Thursday 21 June 2012

Residential Market News Extract - 20 June 2012

Buyers return 150 private homes in May

Private home buyers returned 150 units to developers last month at projects such as Sky Habitat, The Tampines Trilliant and Hillsta - the highest number in at least five years.
These units, bought in April, made up 5.7 per cent of the more than 2,600 non-landed homes, including executive condominiums (ECs), sold that month.
Despite the high absolute figure for returns, experts say that in percentage terms, the rate is in line with last year's.
They add that the spike in absolute numbers is largely due to April's robust sales which had buyers snapping up the most number of units in almost three years.
Return rates are defined as returned units as a percentage of total non-landed sales in the previous month.
These rates have remained largely below 6 per cent.
While the 150 returned units represent a five-year high in terms of absolute numbers, the percentage return rate was higher in the earlier part of the year.
For instance, while 52 units were returned in January, that translated to a return rate of 9 per cent.

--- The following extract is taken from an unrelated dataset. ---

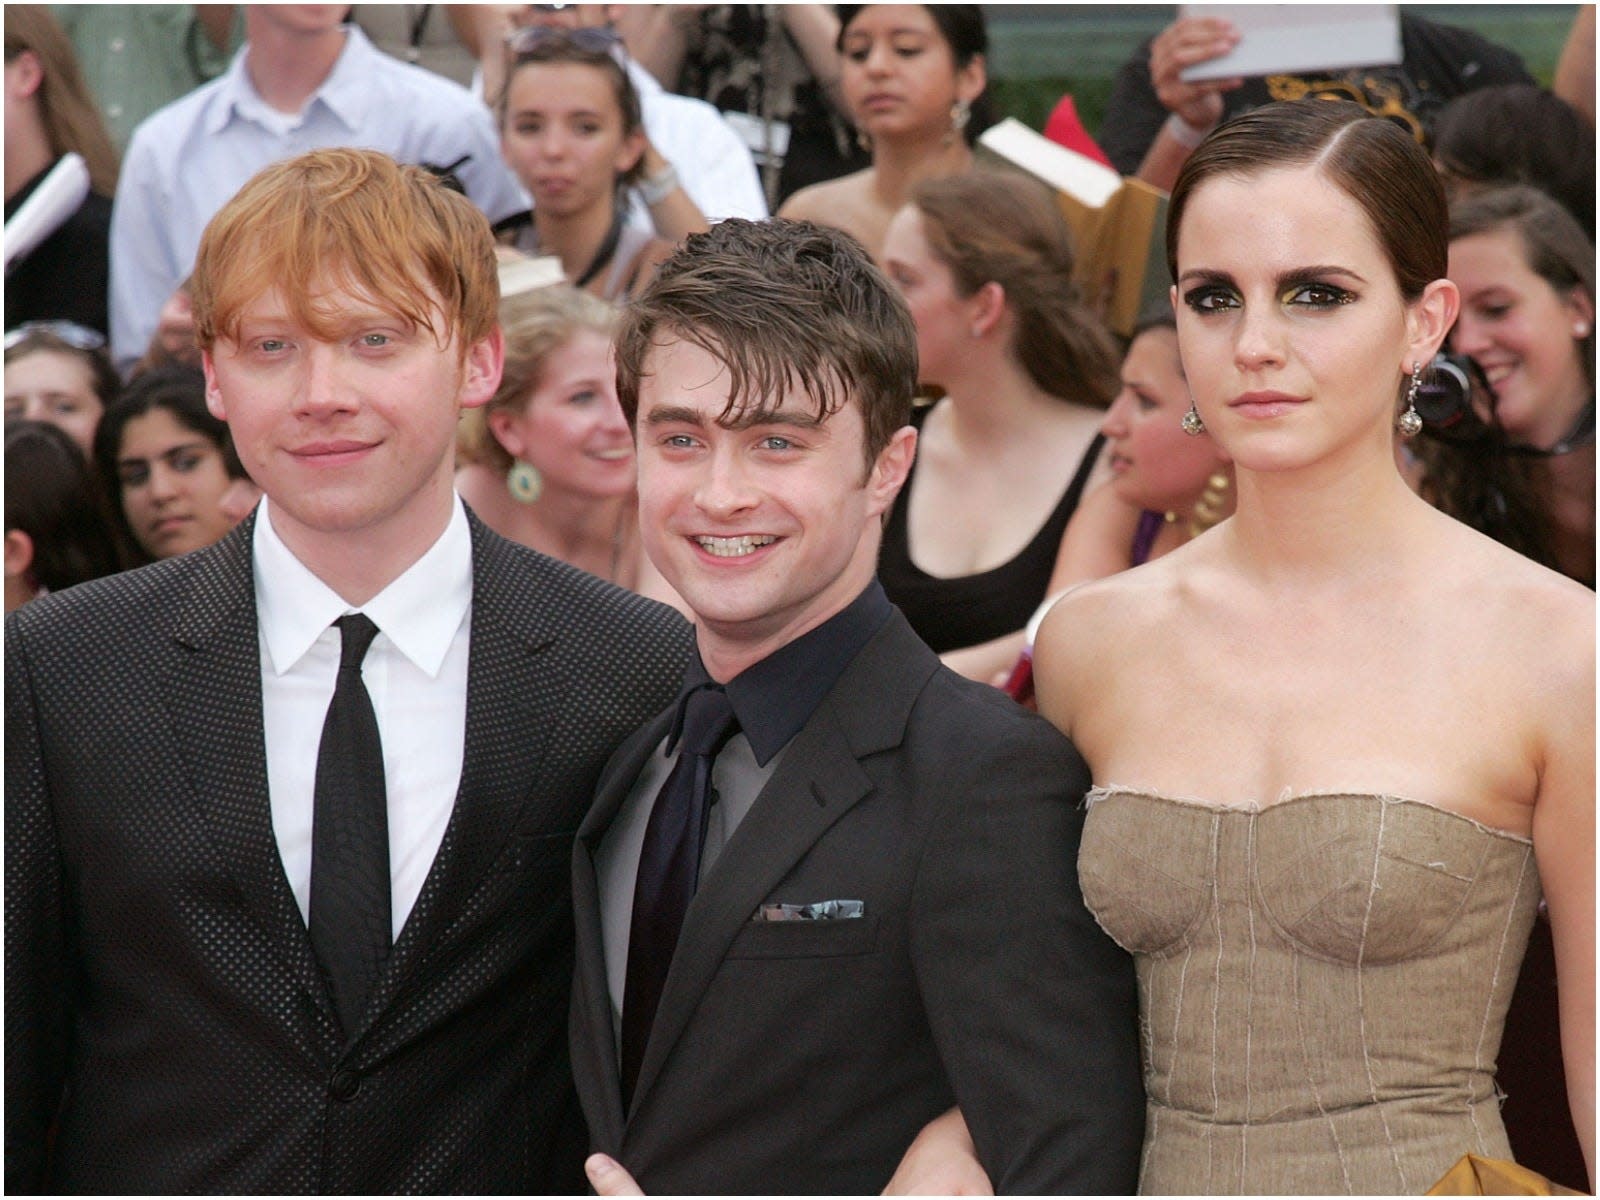 Rupert Grint says fame is the one thing he, Emma Watson, and Daniel Radcliffe never talk about

This may have been caused by the tough round of cooling measures unveiled last December.
However, the record is still that set in February 2008; the rate was a staggering 41 per cent, with 127 units returned out of about 310 non-landed units sold, as concerns over the United States economy and choppy stock markets hit sentiment.
Last month, 15 units were returned at Hillsta in Choa Chu Kang's Phoenix Road, 11 units at EC project The Tampines Trilliant and 10 at Sky Habitat in Bishan.
In April, buyers returned 17 units at Riversound Residence in Punggol and nine each at Ripple Bay in Pasir Ris and at EC project Twin Waterfalls in Punggol.
Source: The Straits Times – 20 June 2012
 

S'pore 'resilient to global shocks'

Singapore has a high degree of resilience to global financial shocks, despite its open economy and dependence on global finance and trade, said ratings agency Moody's Investors Service.
But the economy is facing structural challenges with slower growth and changes in the political landscape.
Still, Moody's is keeping a stable outlook on its triple-A rating on Singapore's sovereign credit, citing strengths in its economy, institutions and the Government's financial position.
In its annual credit report on the country released yesterday, Moody's said Singapore excels in four areas: its strong economy, institutions, government finances and low vulnerability to external shocks.
It noted that the economy had rebounded from its recession in 2009 to 14.8 per cent growth in 2010, largely due to a competitive trade sector and flexible labour market.
But Singapore faces a key challenge in raising productivity and innovation as global competition heats up.
The report also noted that liberal immigration policies had helped boost growth in the past 10 years.
But 'rising popular anxiety over the significant increase in the number of foreign workers has prompted the Government' to change its immigration policies.
This will in turn lead to a tighter labour market and contribute to upward pressure on costs, unless productivity measures can help offset the rise.
One area of concern was the country's ability to use monetary policy to keep prices stable, with inflation having moved above 5 per cent recently.
Moody's noted the exchange rate policy did not prevent interbank interest rates from dropping to historic lows, while the high costs of cars is outside the exchange rate's influence.
Demand for housing also remains high even though cooling measures have helped slow price increases.
Moody's has also rated the Government's financial position as being 'very high', despite the move to channel more resources to help lower-income earners.
It said the country's strong balance sheet was backed up by investments made by the Government of Singapore Investment Corp (GIC), which manages more than US$100 billion (S$127 billion) of Singapore's reserves.
The report added that Singapore's financial system remains resilient to shocks, largely due to local banks' healthy balance sheets.
On the domestic front, Moody's said political risks remain low, even though the recent general election, presidential election and Hougang by-election had indicated 'an erosion in support' for the ruling People's Action Party.